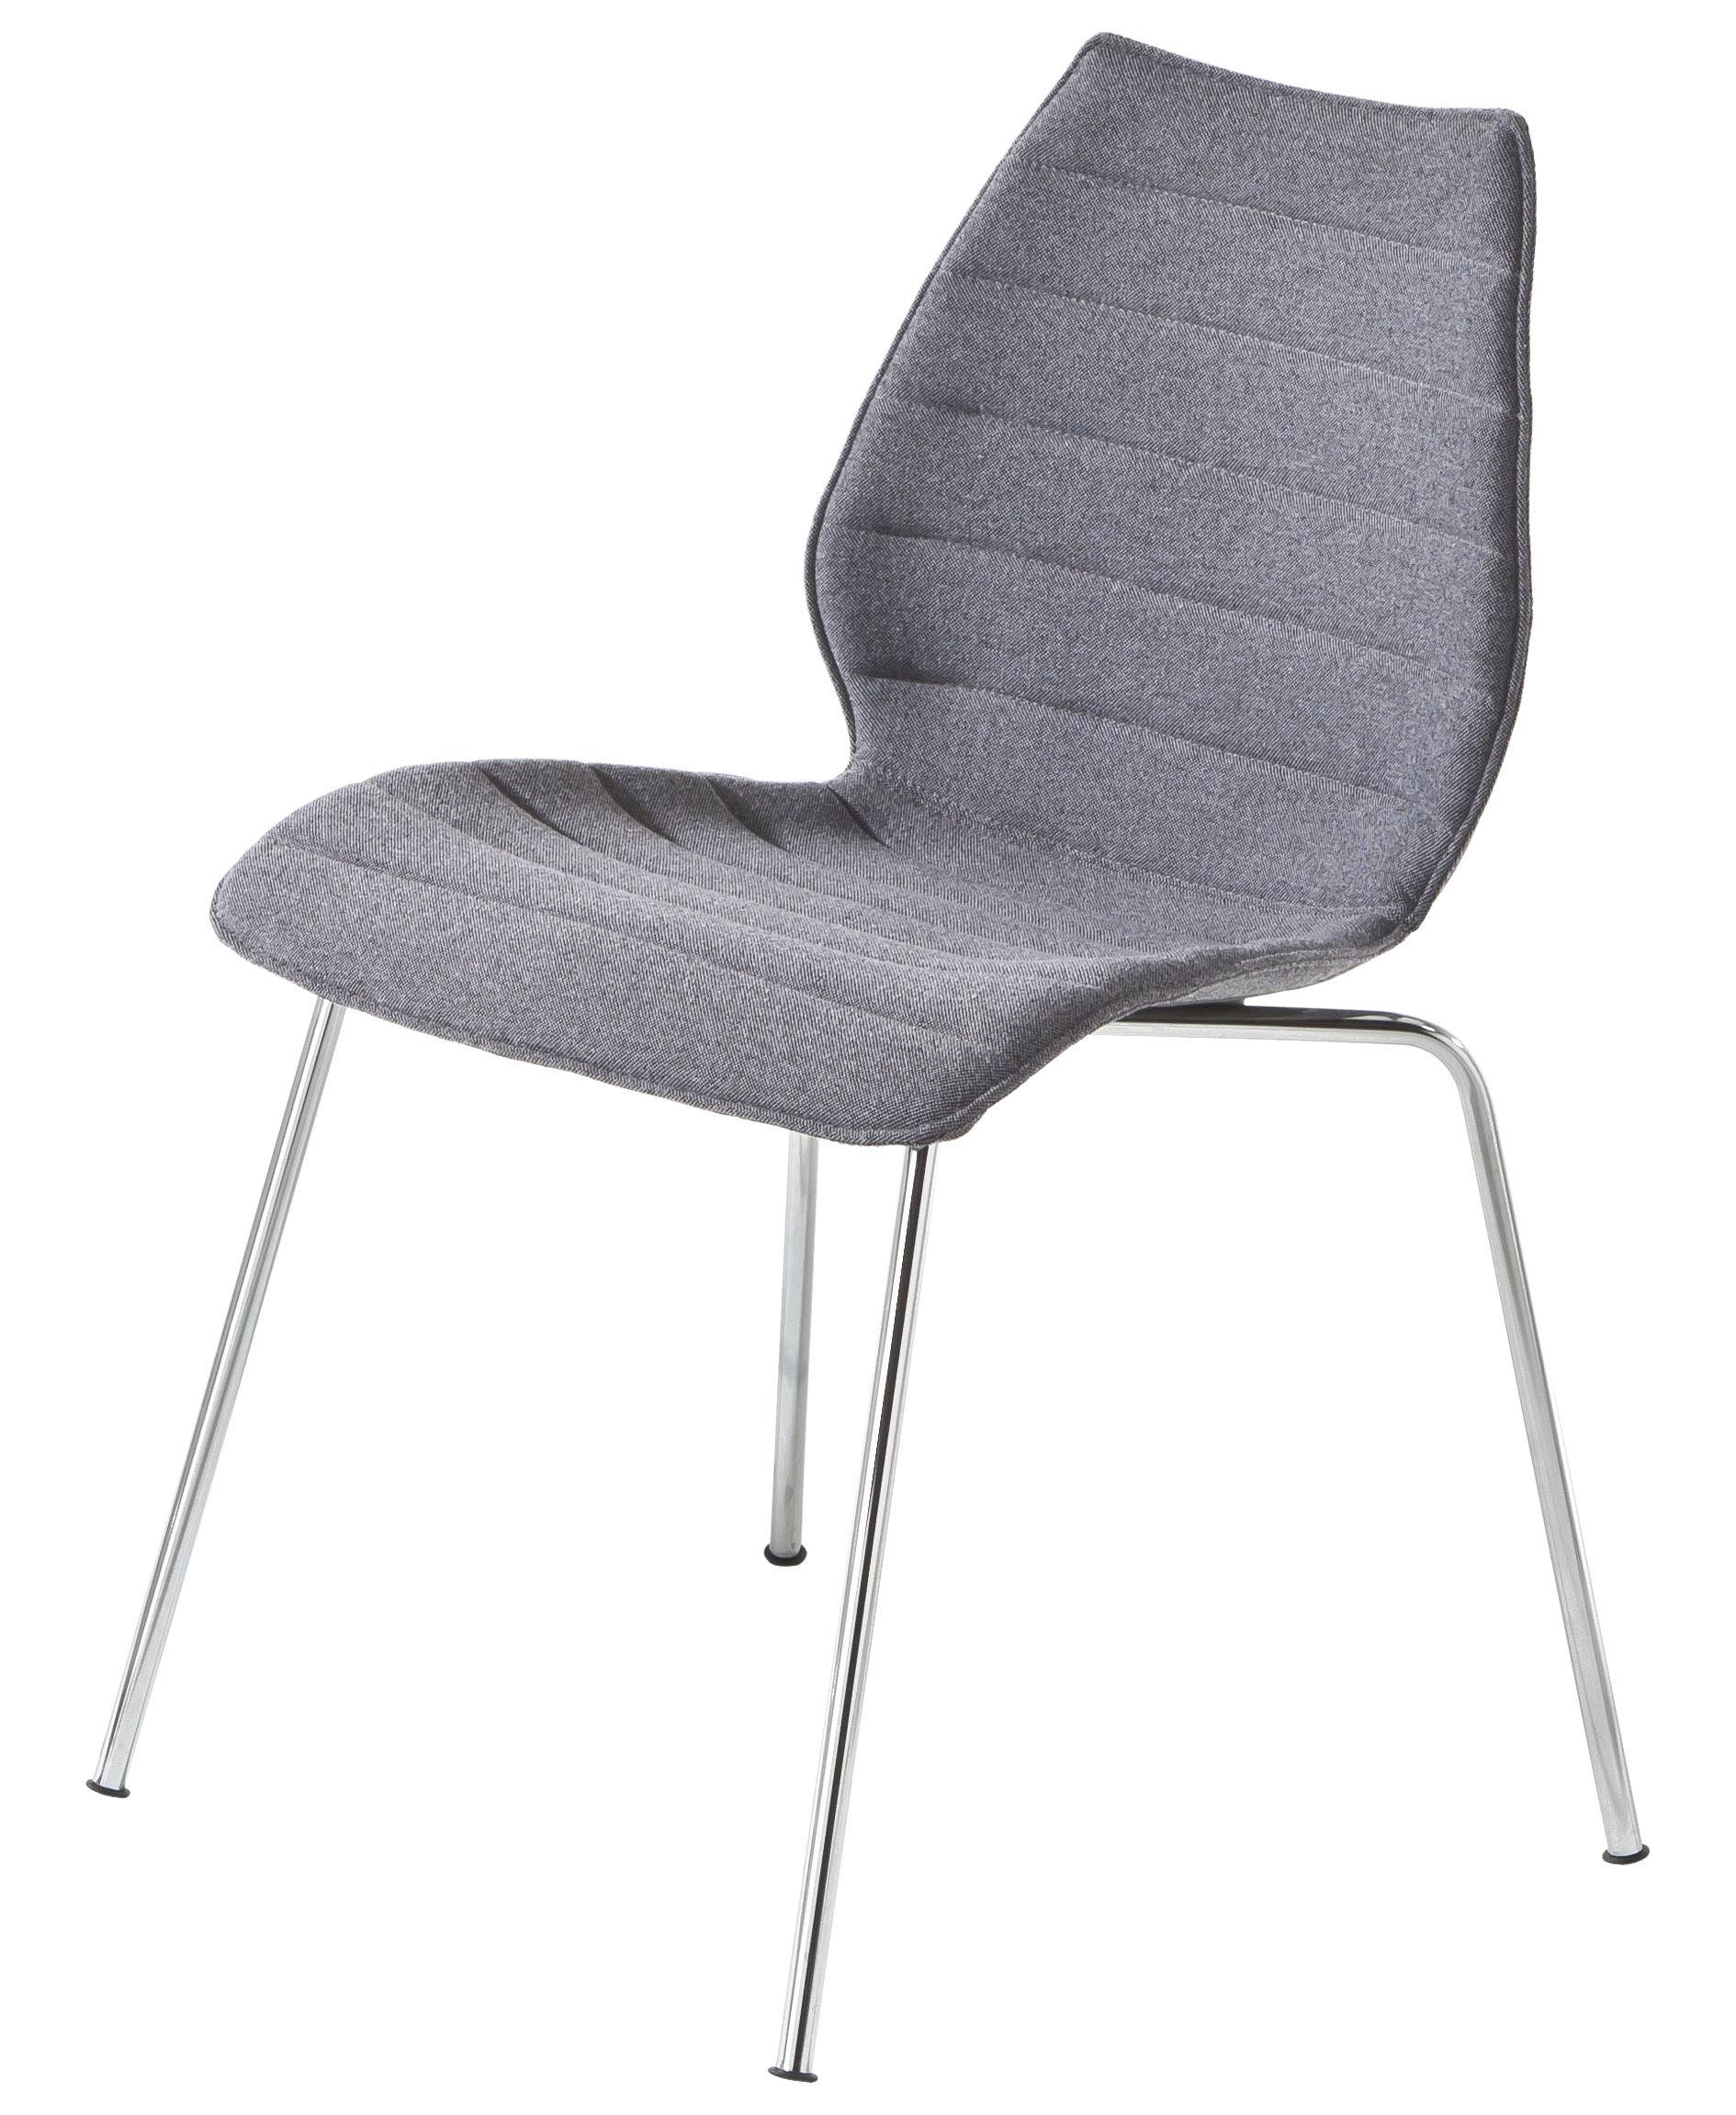 Möbel - Maui Soft Gepolsterter Stuhl /Trevira-Stoff - Kartell - Grau - Polypropylen, Stahl, Tissu Trevira
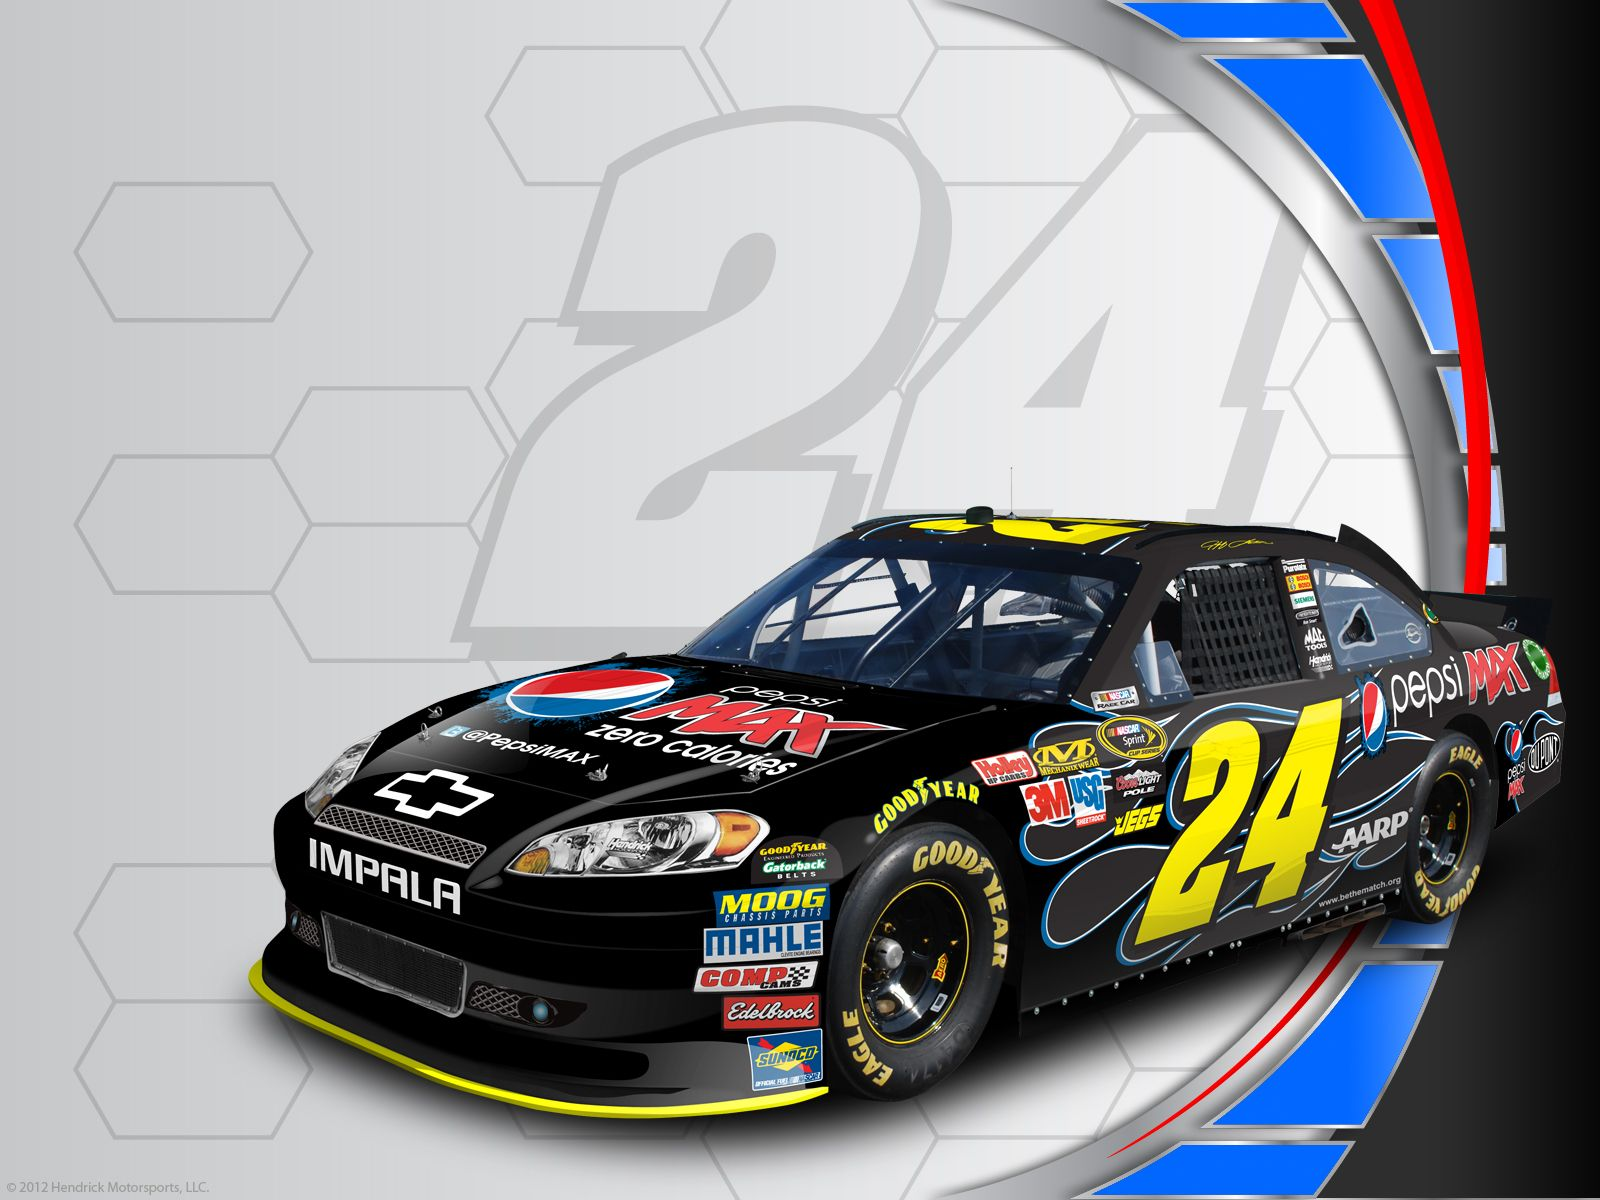 Jeff Gordon's No. 24 PepsiMAX Chevrolet desktop wallpaper
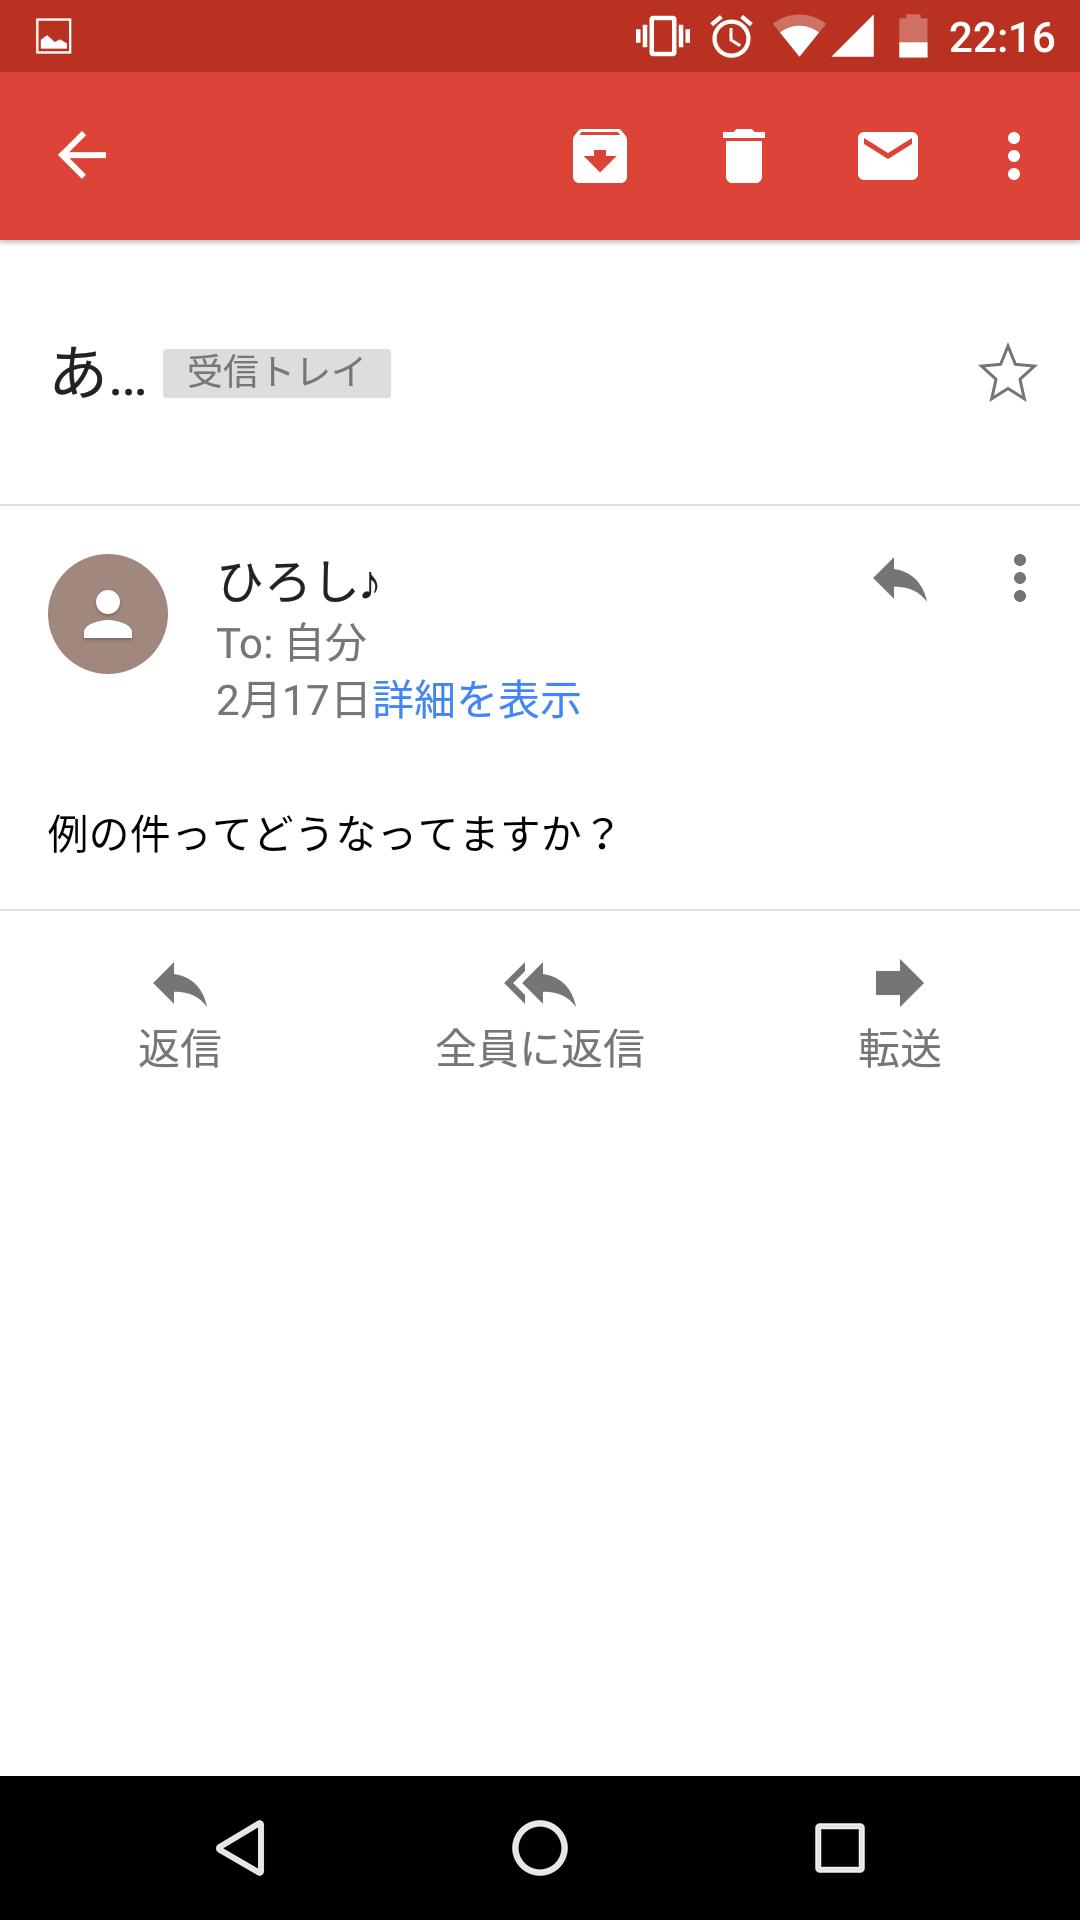 Screenshot_20160224-221659

▶ **Task statement**: Without including any picture, reproduce the material above word for word.

▶ **Completed task**:
 Möbel - Maui Soft Gepolsterter Stuhl /Trevira-Stoff - Kartell - Grau - Polypropylen, Stahl, Tissu Trevira
 Jeff Gordon's No. 24 PepsiMAX Chevrolet desktop wallpaper
 Screenshot_20160224-221659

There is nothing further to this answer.